Sunday, June 8, 2008

This is not going to be a two-man race. . . .

Oh, I know that ultimately either Senator John McCain or Senator Barack Obama will be elected President this November.

But this year is shaping up as an almost tectonic shift in American electoral politics, as early polls already give third party candidates as much as 8% of the total vote.

Pulling support away from Obama:

Ralph Nader--running this year as an unaffiliated independent and polling as high as 8% in some key states.

Cynthia McKinney--already the presumptive nominee of the Green Party. Former Congresswoman McKinney is (to my mind, anyway) something of a nutcase. But she's the most-recognized figure the Greens have ever run (except Nader himself), and she is directly going after the African-American vote. Check out her most recent endorsement by editor Glen Ford of the Black Agenda Report (h/t Independent Political Report):

Two candidates with almost identical positions on virtually every issue fight to exhaustion over non-substantial concerns for months, and will doubtless soon celebrate having achieved “unity.” Tweedle-dum Hillary Clinton and Tweedle-dee Barack Obama may or may not emerge from the primary battles as friends - but what does that matter? “Their policies are interchangeable, as are their advisors…. All serve the same masters: the financial corporations.” The general election campaign, already begun, will see Obama and McCain draw politically closer each day, until at the end “the voters’ choice will be just a matter of personality and individual taste” - and race.

Pulling support away from McCain:

Chuck Baldwin of the Constitution Party is a clearly far more conservative candidate that John McCain--he favors declaring the unborn to be citizens, terminating US membership in the UN, and more. . . .

And, of course, there's Bob Barr of the Libertarian Party, who may already be killing McCain in Georgia and North Carolina, to say the least. . . .

As we go into summer, as much as 10% of the American electorate is registering sufficient dissatisfaction with the candidates thrown up by the two-party duopoly to say that they would consider voting for a third-party candidate. In various battleground states like North Carolina or Michigan, the McCain and Obama campaigns are quietly worried that third-party candidates might actually tip the election to their opponent.

The major problem for all of these third party efforts is ballot access.

The Libertarian Party will be on the ballot in 48+ states (and possibly DC)

The Green Party appears to have current ballot access in 20 states and active campaigns for access in at least four more states.

The Constitution Party has access in 20 states, with drives essentially complete in three more states, and drives under way in many others.

Ralph Nader has just gained access in his third state--Arizona.

Because the US Constitution does not specify federal ballot access standards, each state is free to create its own.

In most states, the one thing that Democrats and Republicans agree upon is that there shouldn't ever be more than two parties on the ballot.
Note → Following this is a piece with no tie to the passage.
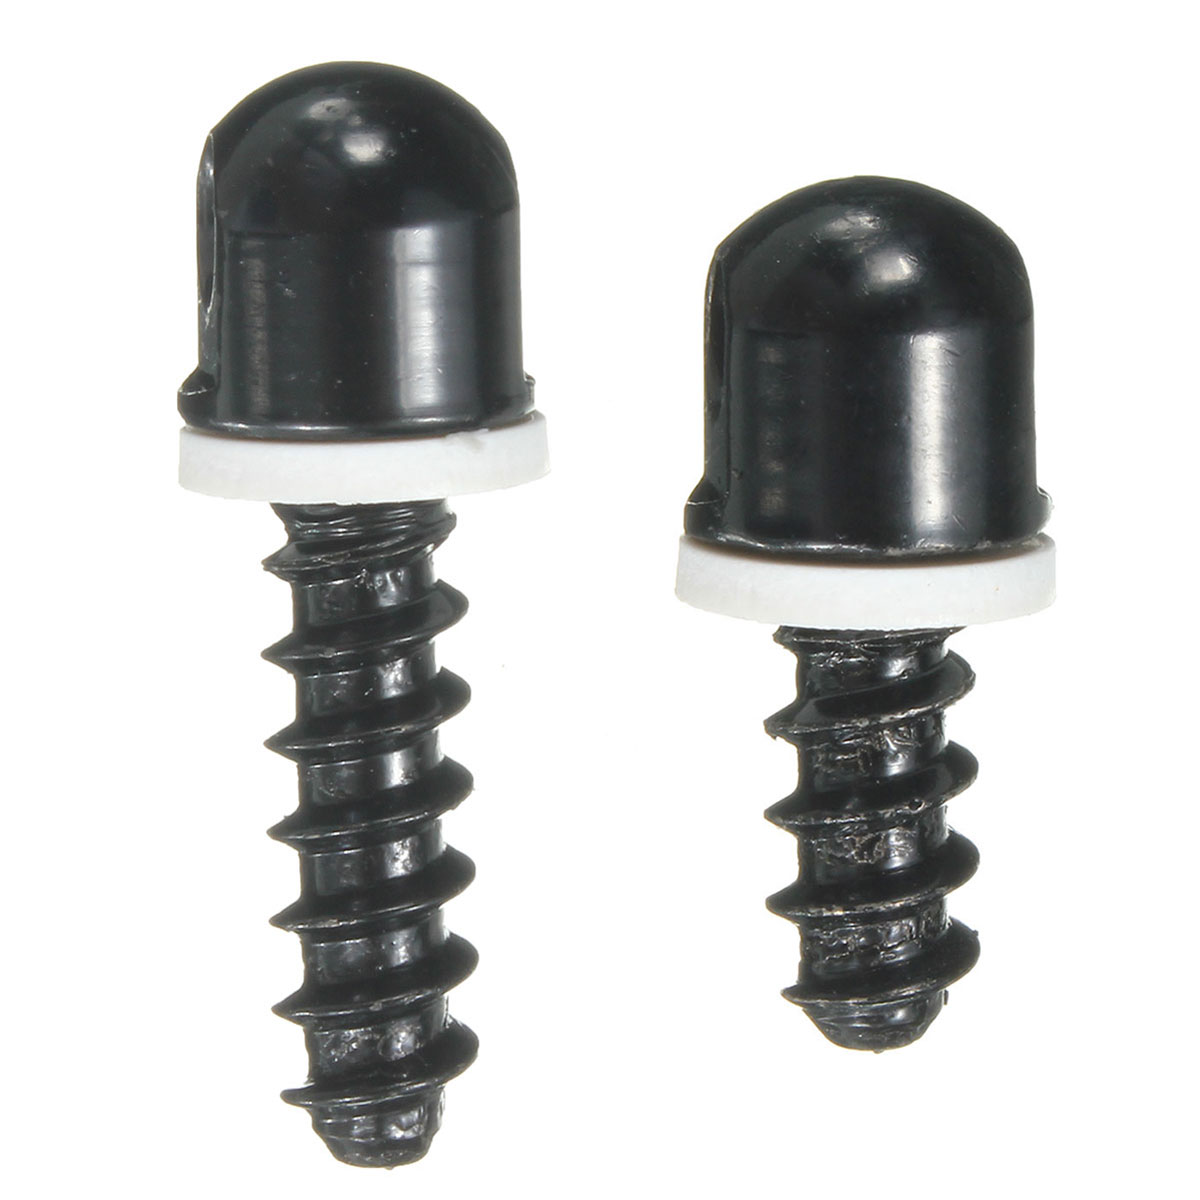 

1/2 Inch 3/4 Inch Wood Screw Adapter Base Studs Slings Bipods For Hunting Tool

The best brief explanation of just how bad the situation is, and how destructive to democracy it can be is found on Ralph Nader's site:

Check out the requirements in these nightmare states: (And remember, we need to collect double the number required in each state because many are arbitrarily invalidated.)

Texas, requires 74,108 valid signatures between March 5 and May 8. Deplorably, anyone who has voted in the primary cannot sign the petition.

Oklahoma, requires 43,913 by July 15.

North Carolina requires 69,743 by June 12. In 2000, it cost Pat Buchanan $250,000 to collect enough signatures for ballot access in that state.

Indiana requires 32,742 by June 20.

Georgia requires 42,489 by July 8th

Ballot access was much easier in the nineteenth century. Voters had more candidates and small parties to choose from. Ballot access is much, much easier in other Western democracies.

As a result small parties were able to pioneer the great social justice movements such as abolition of slavery, women’s right to vote, and protections for workers and farmers.

Currently, ballot obstruction can consume upwards of a quarter million dollars in a federal campaign’s budget to get on the ballot in one or more states.

Without candidates’ rights to be on the ballot—in a country where ninety percent of House districts are one-party dominated heavily due to gerrymandering—voters are becoming further disenfranchised.

If you are reading this, and you are either a Democrat or a Republican, ask yourself what non-partisan purpose is served by restricting the political options of American citizens to only the choice between Ass and Pachyderm?

My progressive friends tell me all the time that we should emulate the democracies of Europe--virtually all of which are multi-party democracies.

The answer, unfortunately, is that for Democratic and Republican partisans, winning has become (a long time ago) more important than having a vibrant, functioning democracy.